• [AIM OF THE TASK]: Reproduce exactly, and nothing but, the lines between the one with "Narrow Path Investments, LLC" and the end of the entries, both ends included.

Records excerpted from a collection

== == ==

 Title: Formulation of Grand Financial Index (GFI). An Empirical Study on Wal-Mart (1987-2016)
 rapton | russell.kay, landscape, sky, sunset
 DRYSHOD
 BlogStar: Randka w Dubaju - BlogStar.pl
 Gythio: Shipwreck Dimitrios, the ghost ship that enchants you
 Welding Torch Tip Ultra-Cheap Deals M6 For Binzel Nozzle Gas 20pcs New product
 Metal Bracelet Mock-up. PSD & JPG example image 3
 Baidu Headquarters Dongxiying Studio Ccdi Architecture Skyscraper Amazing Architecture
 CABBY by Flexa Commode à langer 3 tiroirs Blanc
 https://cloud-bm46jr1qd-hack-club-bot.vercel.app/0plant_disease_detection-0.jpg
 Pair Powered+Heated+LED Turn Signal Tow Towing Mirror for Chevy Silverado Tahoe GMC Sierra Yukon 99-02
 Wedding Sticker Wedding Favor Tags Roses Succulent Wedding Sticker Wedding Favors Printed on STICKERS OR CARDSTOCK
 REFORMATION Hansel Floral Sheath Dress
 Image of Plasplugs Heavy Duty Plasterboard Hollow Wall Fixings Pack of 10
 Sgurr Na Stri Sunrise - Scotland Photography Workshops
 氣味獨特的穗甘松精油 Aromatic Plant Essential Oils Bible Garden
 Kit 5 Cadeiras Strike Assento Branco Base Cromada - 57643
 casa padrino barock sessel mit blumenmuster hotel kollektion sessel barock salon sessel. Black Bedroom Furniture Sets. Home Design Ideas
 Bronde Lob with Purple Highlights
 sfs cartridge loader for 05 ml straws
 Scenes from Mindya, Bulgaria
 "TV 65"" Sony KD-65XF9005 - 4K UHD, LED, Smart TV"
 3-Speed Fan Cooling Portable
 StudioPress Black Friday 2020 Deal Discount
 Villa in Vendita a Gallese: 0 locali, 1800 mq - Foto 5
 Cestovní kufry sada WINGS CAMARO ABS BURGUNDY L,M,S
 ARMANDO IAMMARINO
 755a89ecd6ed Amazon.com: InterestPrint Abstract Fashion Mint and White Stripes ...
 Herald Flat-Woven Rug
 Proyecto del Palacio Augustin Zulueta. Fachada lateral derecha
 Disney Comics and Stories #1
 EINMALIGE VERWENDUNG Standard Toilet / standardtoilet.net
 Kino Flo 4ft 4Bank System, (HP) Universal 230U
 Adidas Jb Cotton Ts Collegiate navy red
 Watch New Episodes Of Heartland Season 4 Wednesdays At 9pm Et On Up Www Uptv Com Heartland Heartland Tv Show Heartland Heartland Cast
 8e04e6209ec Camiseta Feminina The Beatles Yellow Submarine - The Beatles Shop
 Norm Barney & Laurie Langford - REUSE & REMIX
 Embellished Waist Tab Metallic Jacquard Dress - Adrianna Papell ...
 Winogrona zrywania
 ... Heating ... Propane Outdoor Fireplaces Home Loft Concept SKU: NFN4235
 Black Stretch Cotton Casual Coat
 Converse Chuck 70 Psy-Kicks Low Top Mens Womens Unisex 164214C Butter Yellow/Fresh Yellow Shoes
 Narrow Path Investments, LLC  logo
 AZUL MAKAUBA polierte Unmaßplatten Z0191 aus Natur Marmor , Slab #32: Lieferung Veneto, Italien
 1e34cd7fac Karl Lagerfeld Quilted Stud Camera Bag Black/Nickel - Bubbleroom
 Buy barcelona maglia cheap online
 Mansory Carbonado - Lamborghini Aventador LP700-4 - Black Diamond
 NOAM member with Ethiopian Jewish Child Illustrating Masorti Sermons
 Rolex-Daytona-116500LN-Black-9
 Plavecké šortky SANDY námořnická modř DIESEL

== == ==

• [TASK ANSWER]:
 Narrow Path Investments, LLC  logo
 AZUL MAKAUBA polierte Unmaßplatten Z0191 aus Natur Marmor , Slab #32: Lieferung Veneto, Italien
 1e34cd7fac Karl Lagerfeld Quilted Stud Camera Bag Black/Nickel - Bubbleroom
 Buy barcelona maglia cheap online
 Mansory Carbonado - Lamborghini Aventador LP700-4 - Black Diamond
 NOAM member with Ethiopian Jewish Child Illustrating Masorti Sermons
 Rolex-Daytona-116500LN-Black-9
 Plavecké šortky SANDY námořnická modř DIESEL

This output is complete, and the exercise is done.